Un adolescent de 15 ans, qui a reconnu être à l'origine d'un incendie ayant parcouru début septembre 300 hectares dans les calanques, aux portes de Marseille, a été placé en détention provisoire samedi, a-t-on appris de source judiciaire. Ce jeune n'avait "pas d'antécédents judiciaires" et n'était pas connu pour avoir un quelconque suivi psychiatrique. Une information judiciaire a été ouverte pour "destruction volontaire par incendie", a précisé le procureur de la République de Marseille, Xavier Tarabeux.

Un incendie "involontaire" 

En garde à vue, le jeune homme a expliqué "avoir trouvé un briquet et l'avoir utilisé pour savoir s'il fonctionnait", déclenchant involontairement le sinistre.
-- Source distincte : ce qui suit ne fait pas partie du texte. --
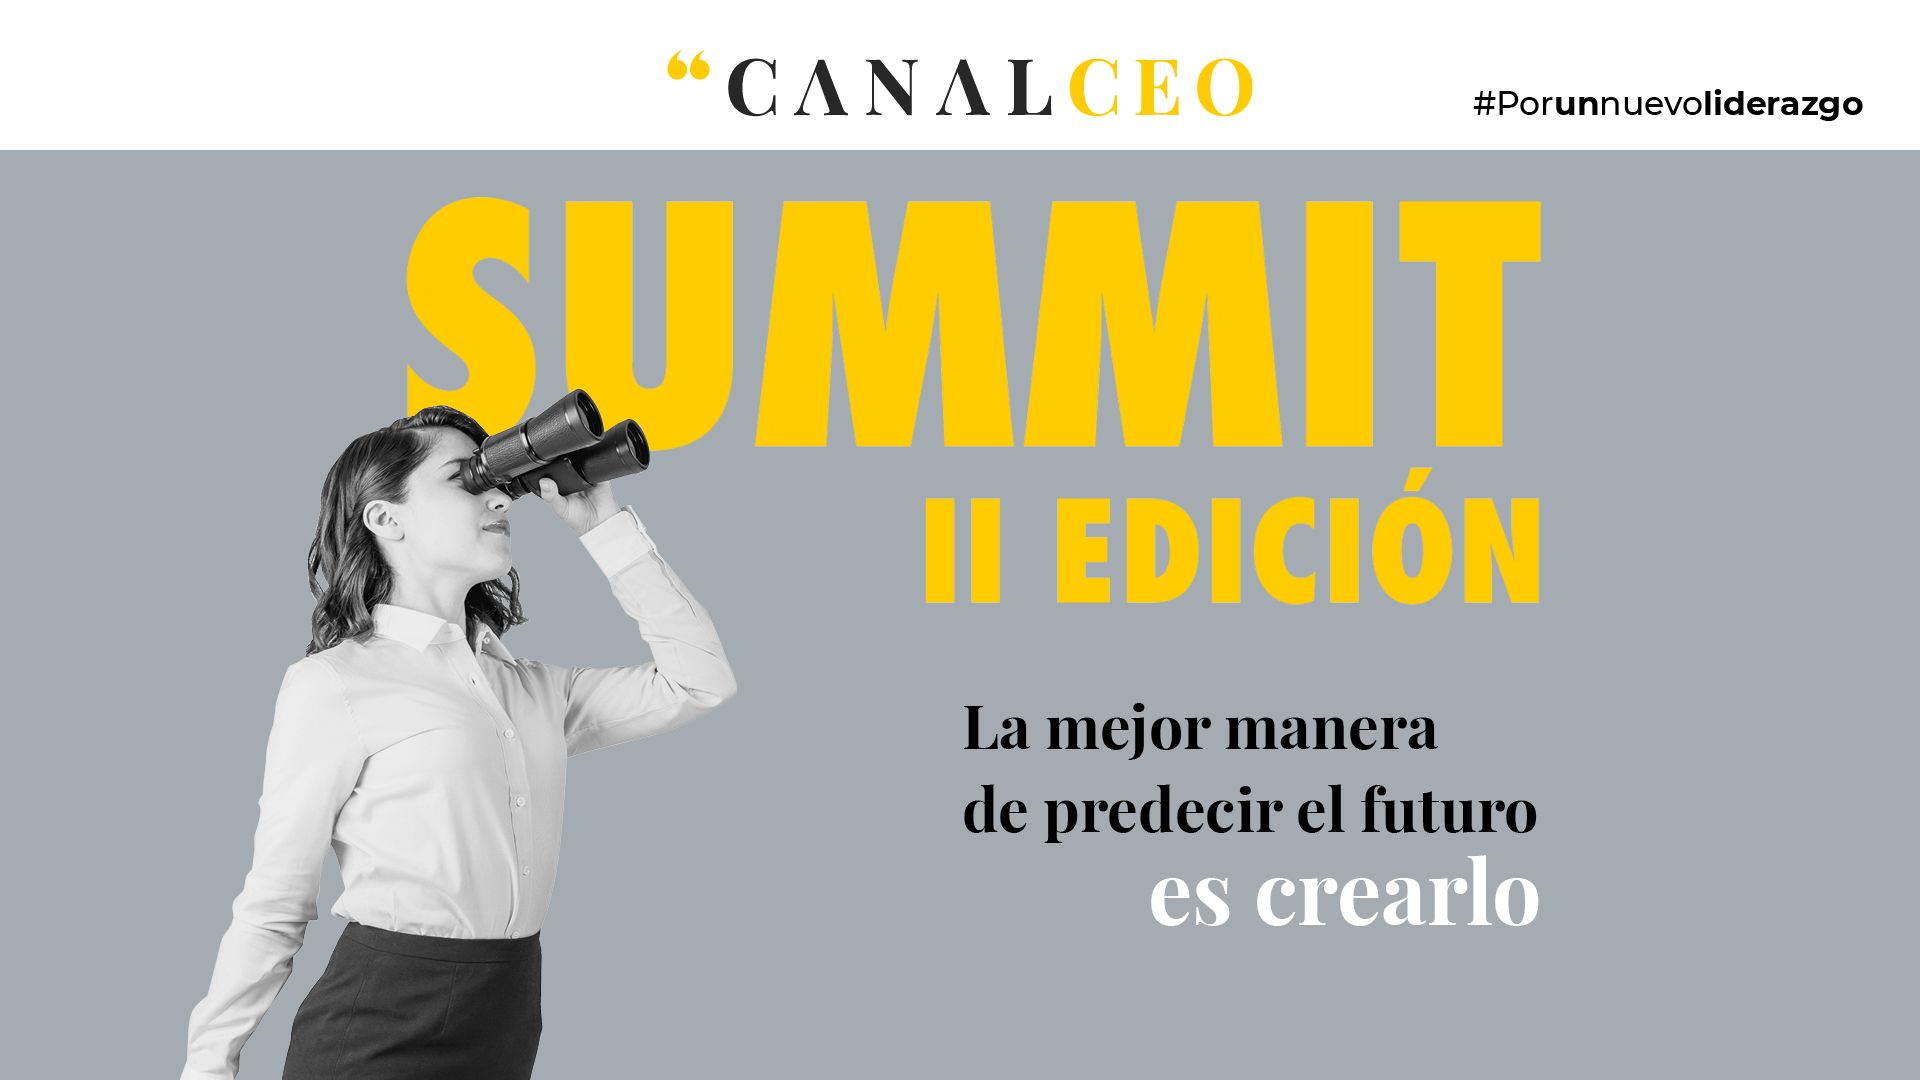 Fotografia Summit Canal CEO

En l'état des investigations, les éléments recueillis par les enquêteurs suggèrent plutôt qu'il a mis "délibérément le feu", a précisé le parquet. 

L'adolescent marseillais a été arrêté vendredi matin, seize jours après l'incendie qui a détruit en partie des écosystèmes protégés dans le Parc national des calanques, a précisé une source policière. L'enquête, menée par les policiers de la sûreté départementale des Bouches-du-Rhône, s'est fondé sur un recueil "minutieux" des témoignages des riverains du quartier de Luminy, dans le sud de la ville, d'où est parti le feu, a-t-elle ajouté. 

Pas de victimes

Le feu n'avait pas fait de victimes et avait épargné les habitations. De très gros moyens avaient été déployés pour éviter le pire pour les milieux naturels : 860 marins-pompiers, 250 véhicules, et plusieurs avions bombardiers d'eau et hélicoptères avaient réussi à circonscrire le feu dans un corridor d'un peu plus d'un kilomètre de large.

Les flammes ont épargné Cassis et ne sont pas descendues jusqu'à la mer, dans les calanques elles-même, où les dégâts sur la faune et la flore auraient pu être bien plus importants.